Eric. Oh, my sweet lord. However can Sookie choose Bill (ugh) over him?

I'm confused about Lafayette. I thought Eric made him a vampire. He only drank his blood?

Also, the egg. OMGWTFBBQ indeed.

jonniker

Why is no one talking about how WRETCHED Evan Rachel Wood was as Sophie-Anne? Honest to God, she delivered her lines like a high school drama student. I think our junior year production of Fiddler on the Roof had more professional acting (errm, bad example, given that the actress played by Tzeitel is now on Broadway, but whatever). . I was horrified. Even the part where she licks the blood was pathetically calculated.

KimAZ

"I shall also suggest that Eric and Sookie should possibly try just the tip. Just to see how it goes."
So. Flippin'. Funny.
Rhonda rules.

KimAZ

Um, yeah. Suckish.

Rebecca (Bearca)

This episode was kind of meh... nothing resolved, nothing really new introduced. I was moderately sad to see Mr. Creepily Mysterious Karl go.

Also, agree re: Evan Rachel Wood as Sophie-Anne. I thought the queen would be scary and threatening. Not so much.

And srsly? The EGG? WHAT?

Rhonda

Agreed x 1,000,0000

I actually had pretty high hopes that she would be good in this role. So she kind of had to work extra hard to earn my disdain. She just missed the mark totally.

EvilSlutClique

We think that Eggs laid the egg. Mostly just because we've always thought that was a really stupid nickname.

Amanda

I agree! So disappointed - I was *really* looking forward to a stellar turn as Queen Sophie.

But... not so much. *way* not so much.

amalah

SRSLY. High school drama student indeed. She was terrible. The casting on this show is usually so excellent, so I was just really confused at how bad she was. (Though her lines weren't particularly great either -- too exposition-y.)

ljpock

I was struggling with this for a bit as well but for me I think it's because her character it not what I expected. I was thinking she'd be more sinister/bad girl similar to Eric - but definitely not what she turned out to be.

Given that, I think she did a good job with who the character was - disinterested, self-absorbed, and merely just wanting to have things around to play with - like a child who's just trying to come up with new ways to pass the time - or the airhead high school cheerleader who plays dumb for attention.

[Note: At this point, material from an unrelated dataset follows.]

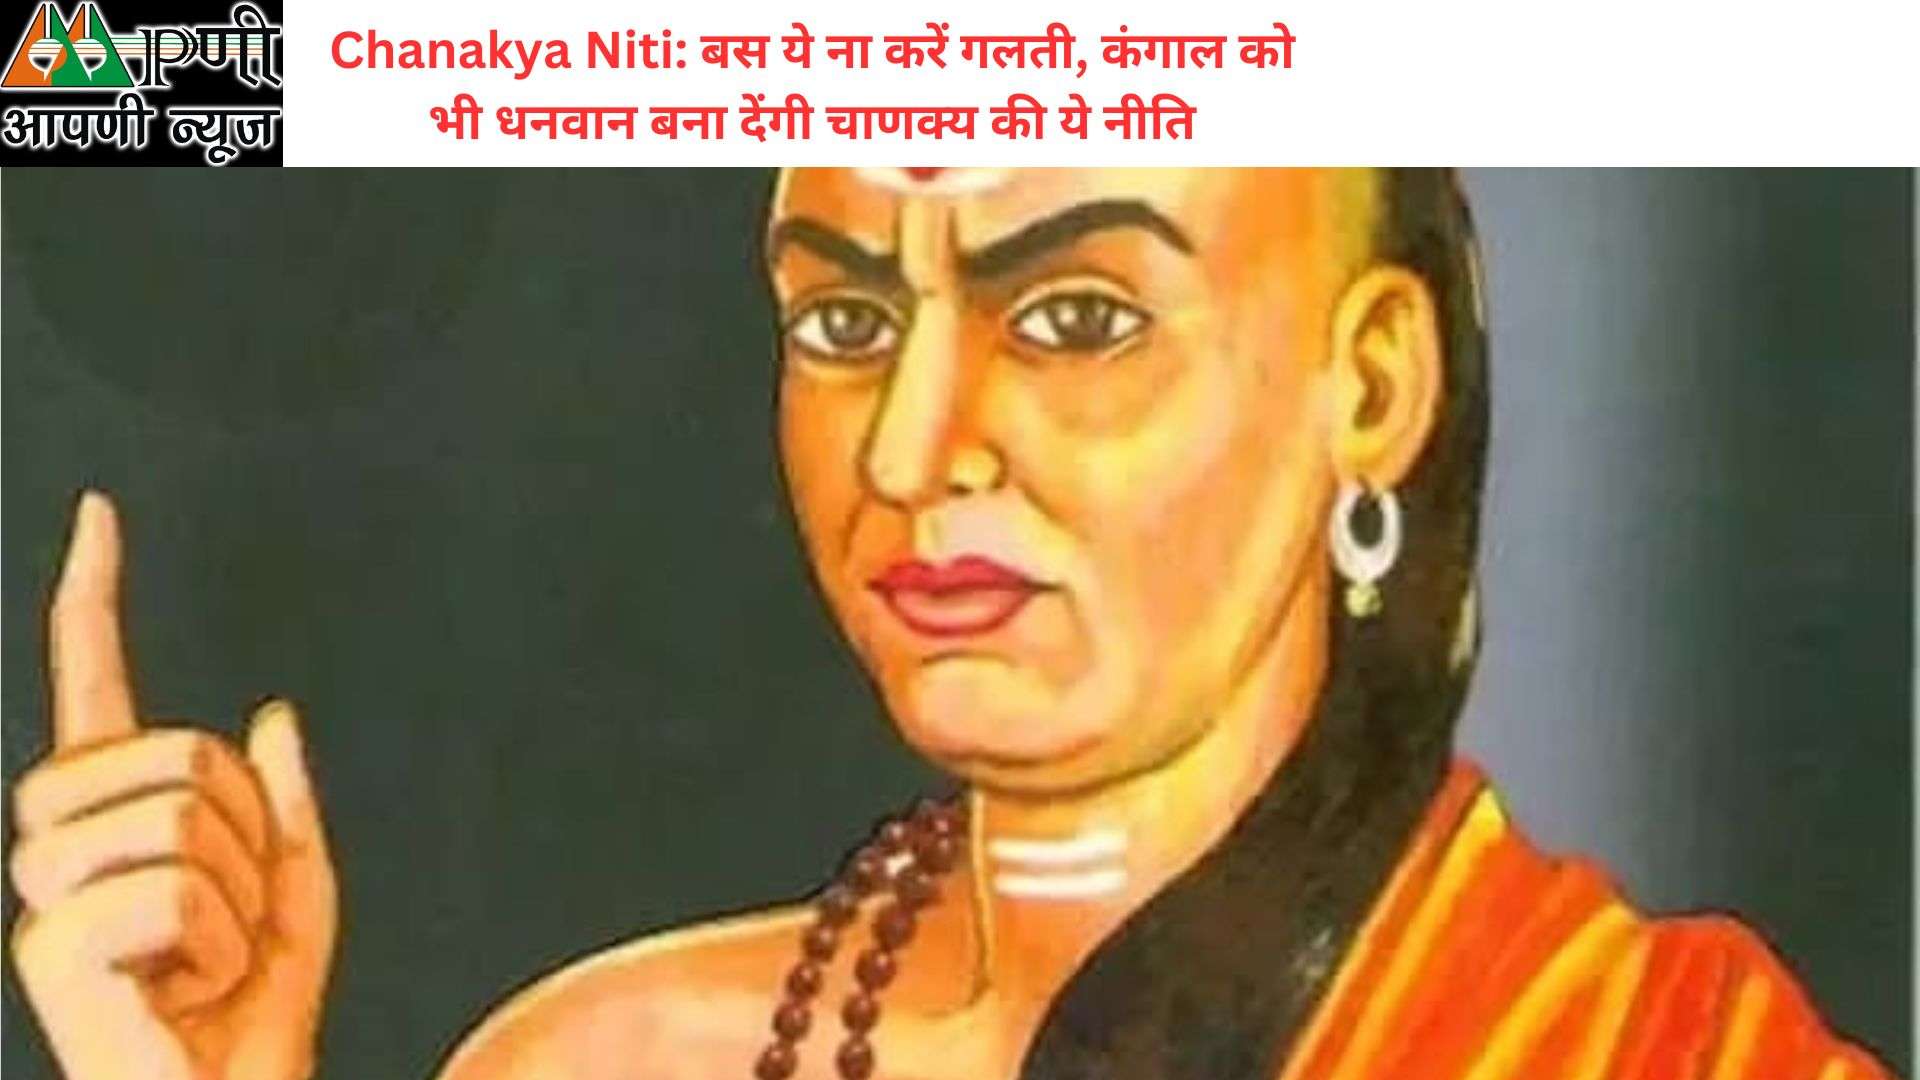 Chanakya Niti: बस ये ना करें गलती, कंगाल को भी धनवान बना देंगी चाणक्य की ये नीति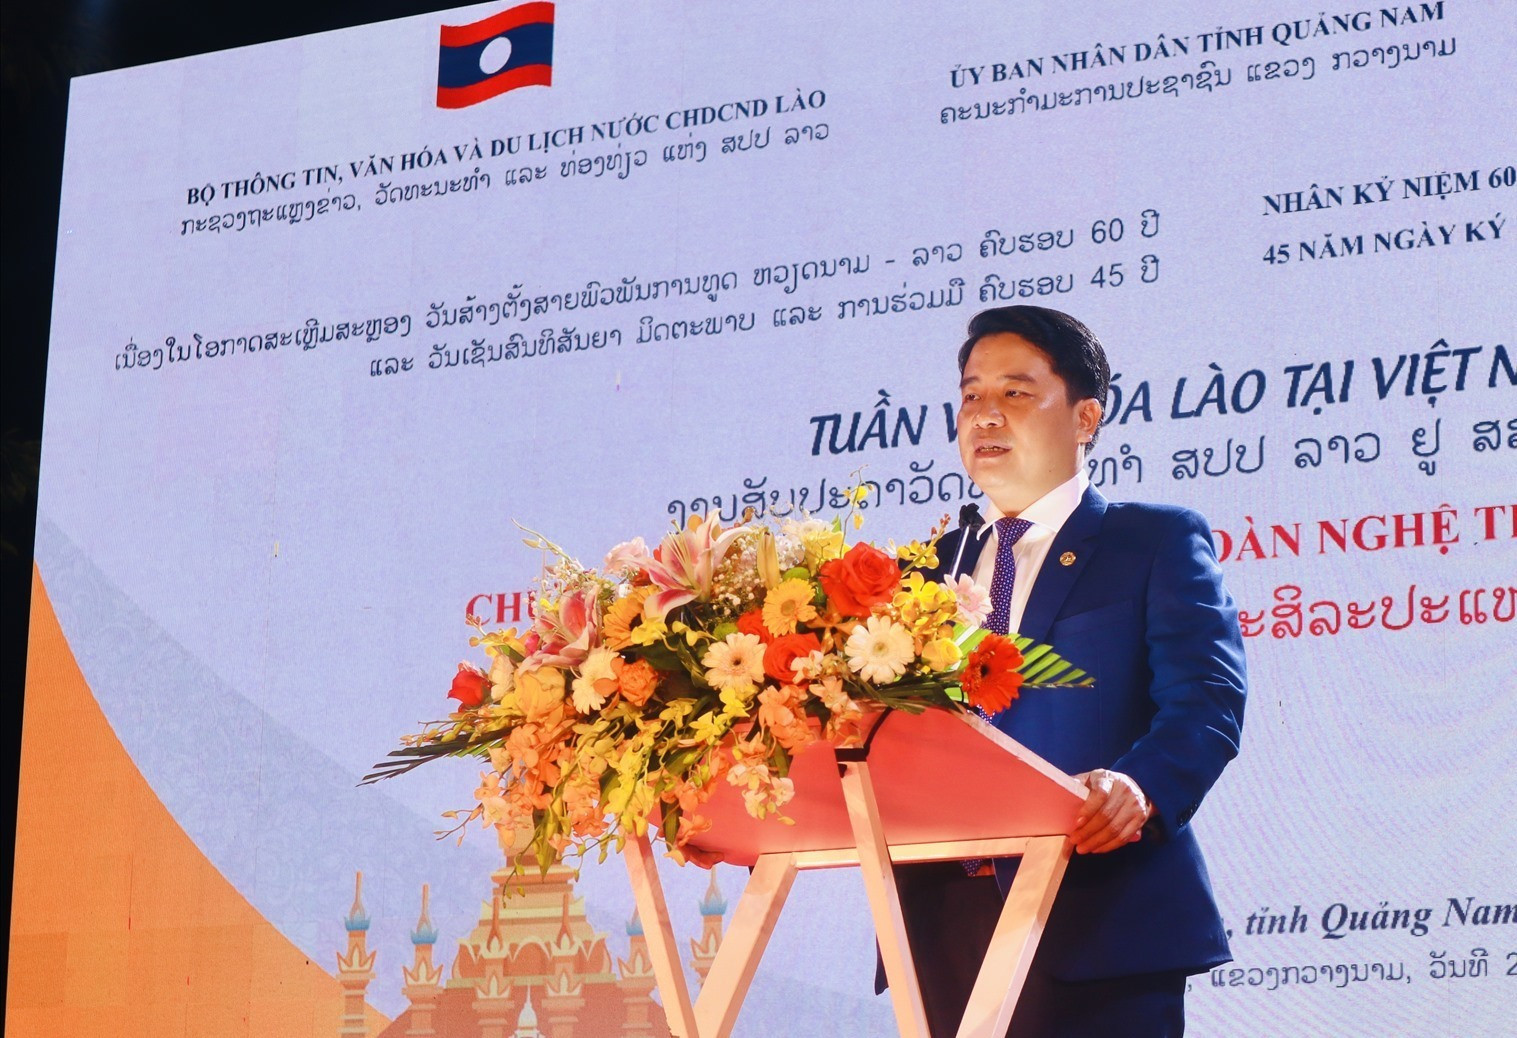 Phó Chủ tịch UBND tỉnh Trần Văn Tân phát biểu tại chương trình. Ảnh: Q.T

I think that flippant attitude of her character is what threw me. Something tells me we might see a different side of her come out though (I haven't read the books so no clue here).

Between her and Eric though I was quite happy with the eye candy in the episode :)

indycitygirl

Yeah but she was sleeping with Marilyn Manson so she does know what sleeping with the dead is like LMFAO!! Yeah,she was a bit too snotty for me

Kori

I know! She was AWFUL. I didn't actually know who it was but I kept turning to my husband and saying "seriously, I did better acting in my college drama class". It was horrid. She was so..cliche. And delivered her lines in a way that made me think she was looking at cue cards. Ugh. I'm sorry but this season was pretty sucky. I'll watch again next year but if it's as bad as this one it'll be the last.

Raven

I'm glad to see that I'm not the only one who was rolling her eyes through Evan Rachel Wood's Sophie-Anne. I think maybe if I hadn't read the books I'd be much more into what they're doing with the show, but as it stands... meh. I watch mostly to get an eyeful of Eric. Mmm. Eric.

Oh, and EvilSlutClique (rad name, btw), he's called Eggs because his last name is Benedict. I have no idea WTF is going on with that egg.